The word is relatively new in public discourse and becoming more prevalent, for good reason. Equity is increasingly understood as a desired condition that results from fixing the things that cause all our costly and interrelated inequalities: racial, economic, regional and environmental.
Equity is a more appealing word than "equality" or "charity," perhaps because of its strong business sense, and the connotation of building assets and a larger ownership share for those of us who historically have been excluded or left behind. Googling the word these days still links you mostly to the world of investing and corporate finance.
A hardheaded underlying motivation behind this new striving for equity is the realization that widening inequalities are simply not good for business or communities. That truth came through strongly in a Target Foundation statement last fall about its new equity focus, expressed as a concern that "as the demographics of our region continue to shift, the costs of inequality will continue to grow."

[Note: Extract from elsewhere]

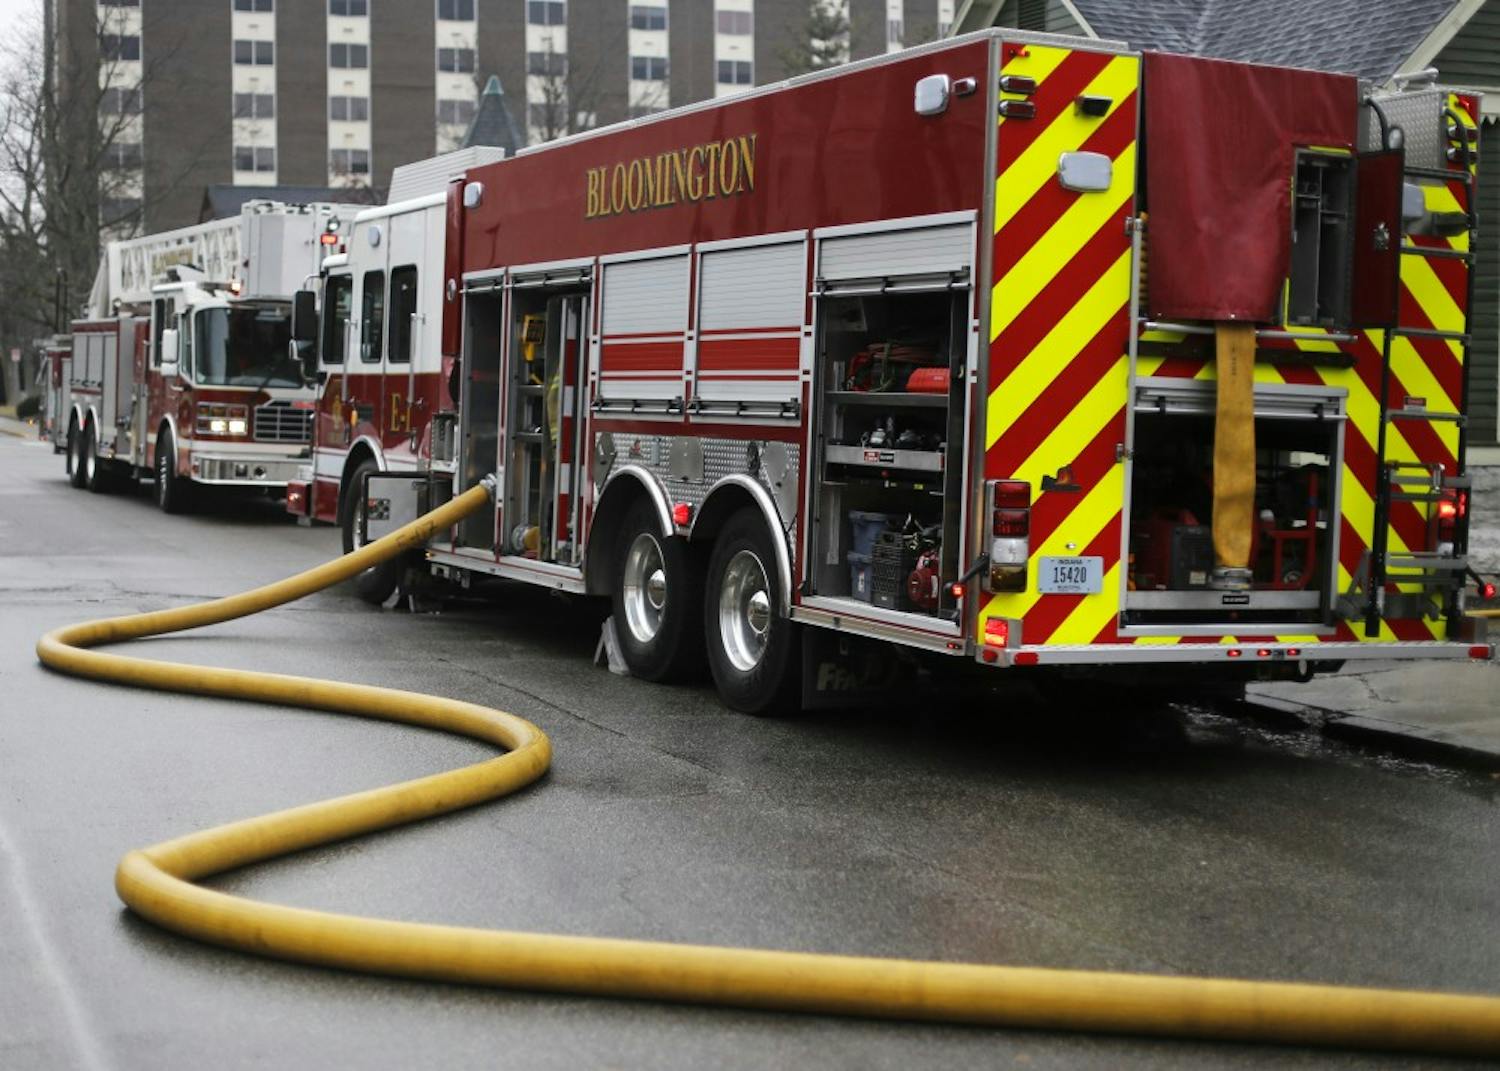 Bloomington placed in the top 1 percent of the 1,593 Indiana communities with a fire department for Bloomington Fire Department's recent public protection rating. The city received a score of ISO Class 2/2x rating.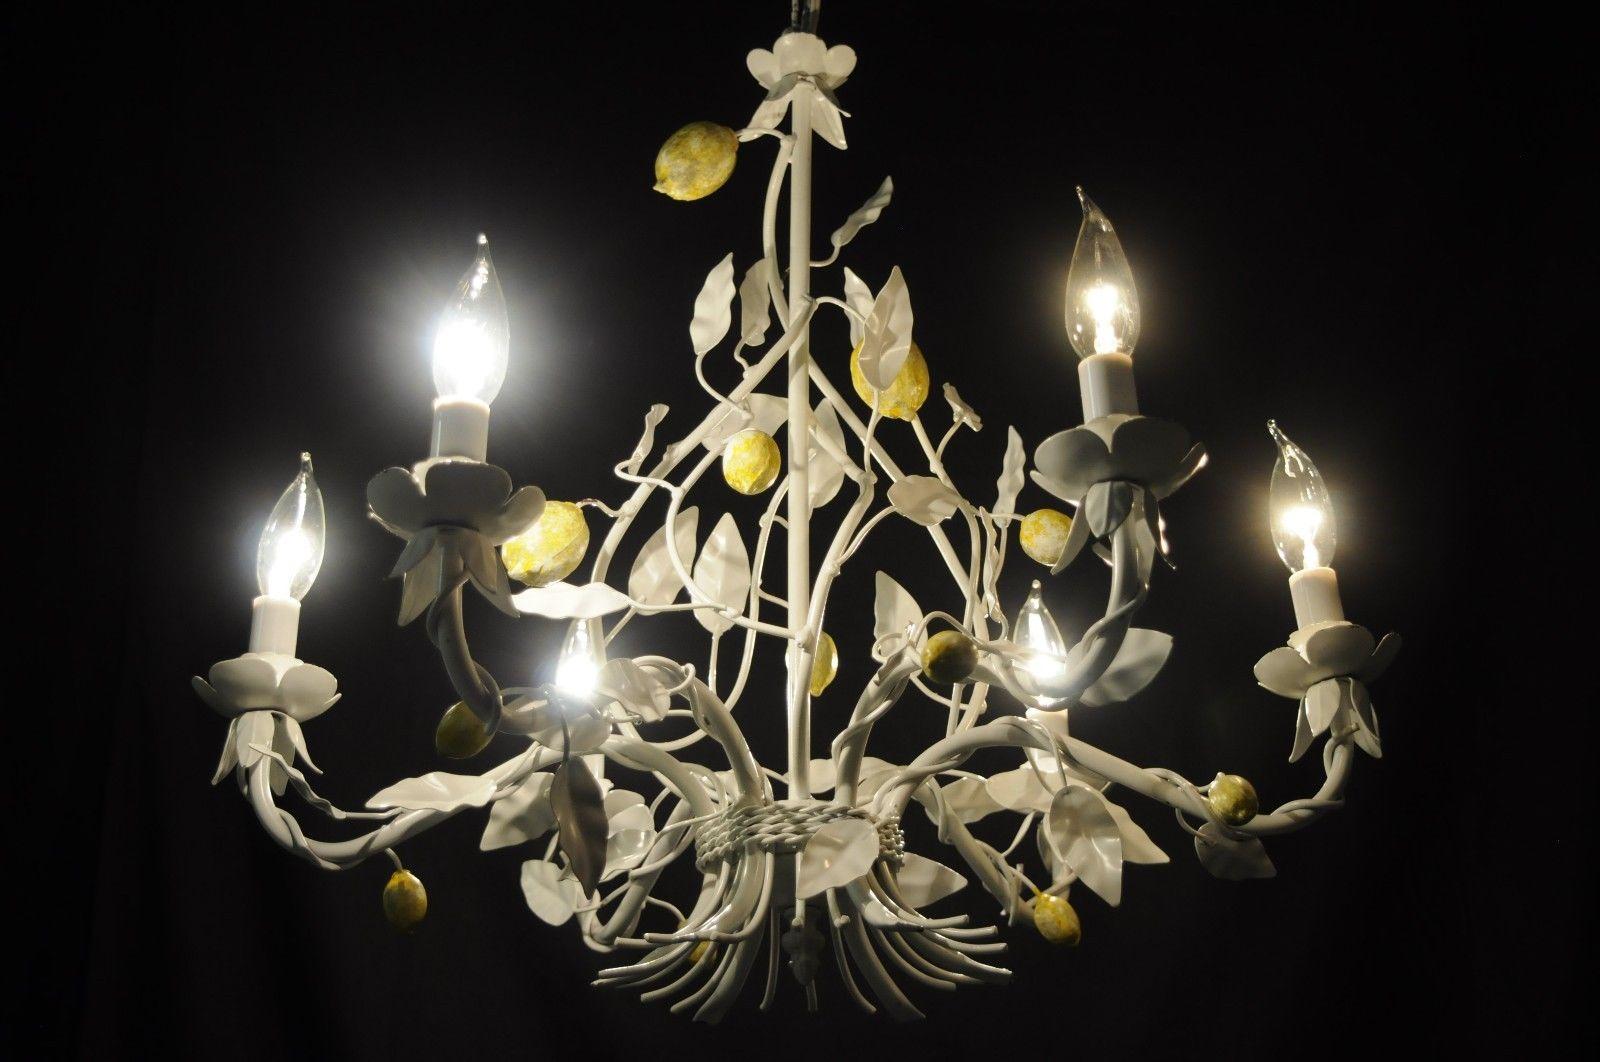 Vintage white and yellow lemon chandelier, Italian Hollywood Regency. Item features scrolling white painted metal frame, yellow lemon accents, leafy bobeche, six scrolling arms, and six lights, circa mid-20th century, Italy. Measurements: 21

A second and equally important growing concern swirls around climate change as a disruptive, dis-equalizing and destructive force. There, too, the Minnesota business community is awakening to the challenge. Nine major companies with headquarters or operations in Minnesota urged state lawmakers last year to address climate change as part of final policy and spending negotiations at the Capitol. The statement said: "We support decarbonization strategies because they will help us ensure prolonged profitability, reduce risk, safeguard the resilience of our supply chains and allow us to better meet the growing demands of our customers and investors." Polling shows gradually rising consensus, in rural regions as well as metro regions, in favor of climate action.
Meanwhile, we are daily bombarded with corroborating news about the effects of inequalities and climate change, at a time when the economy supposedly has never been better. In the headlines: stubborn racial disparities in education attainment and economic condition, rising rates of impaired water in our precious lakes and streams, an uptick in crime rates, rural stagnation and climate-related declines in farm income, addiction tragedies in every neighborhood of the state, and affordability crises for health care, housing, child care and higher education.
All these headlines contradict the narrative of economic growth, precisely because that growth is so unequally shared. Although average income is increasing, in the same way it does when Jeff Bezos walks into a room, research continues to show that more than a fourth of Minnesotans are economically insecure, with little or no savings and a car breakdown or health crisis away from big trouble.
So what do we do?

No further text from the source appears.